Service revenue is a type of revenue that is recorded in a company's income statements. It reflects the money earned by providing services to customers within a defined accounting period. According to accrual accounting, the service revenue account reports the commissions accrued by a company during the period of time indicated in the heading of the income statement. Service revenue includes work done, whether or not it was billed.
It is an operating income account and will appear at the top of the company's income statement. When you successfully provide or perform a service, the revenue you earn from it is what we call service revenue. Service revenue does not include any income from shipping goods, nor does it include any interest income. It can be a single consultation appointment or a service that the company completes for a customer once.
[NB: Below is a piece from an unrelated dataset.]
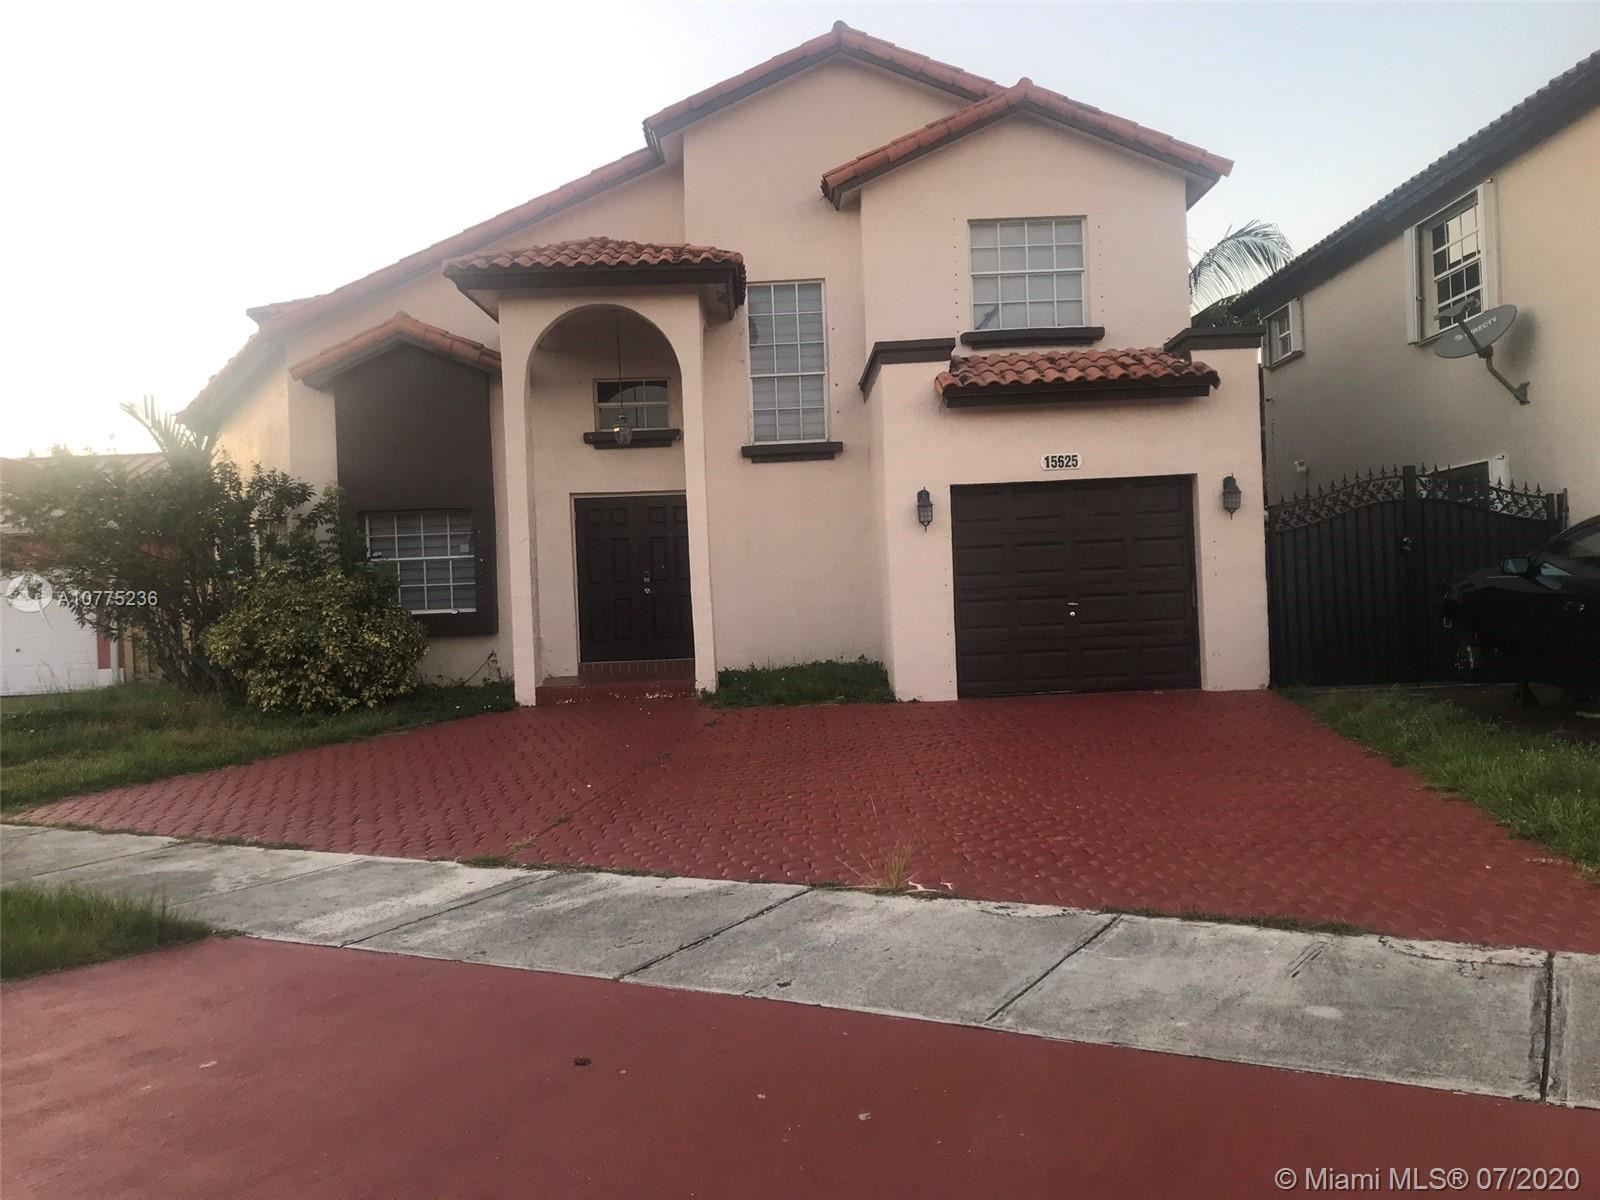 15625 SW 62nd Ter, Miami, FL 33193 - #: A10775236

This means that all charges for services provided to date can be included in an income statement, even if all invoices have not yet been sent to customers. Revenue from services is recorded in your books every time it is earned, regardless of whether the payment is received or not. Receivables are generally created when buyers pay a company for its products or services with credit. Revenue from services may be presented in a separate item, which appears near the top of the income statement.
Service revenue plus product revenue equals your company's total revenue for a defined accounting period. Revenue from services appears on a balance sheet as accounts receivable for services provided, which are also known as accounts payable. This amount is usually indicated separately from other accounts receivable because it is not considered cash. To manage the termination of an unpaid service, you submit it in the accounts receivable category.
For example, when you provide a service, you earn cash or promise to be paid at a later date (accounts receivable). While service revenue is not an asset in accrued securities accounting, accounts receivable or cash payments that come from services are balance sheet assets. Prepaid expenses are funds that have been spent preemptively on goods or services that will be received in the future. However, service revenues contribute to your asset account on your general ledger if you use the double-entry accounting system.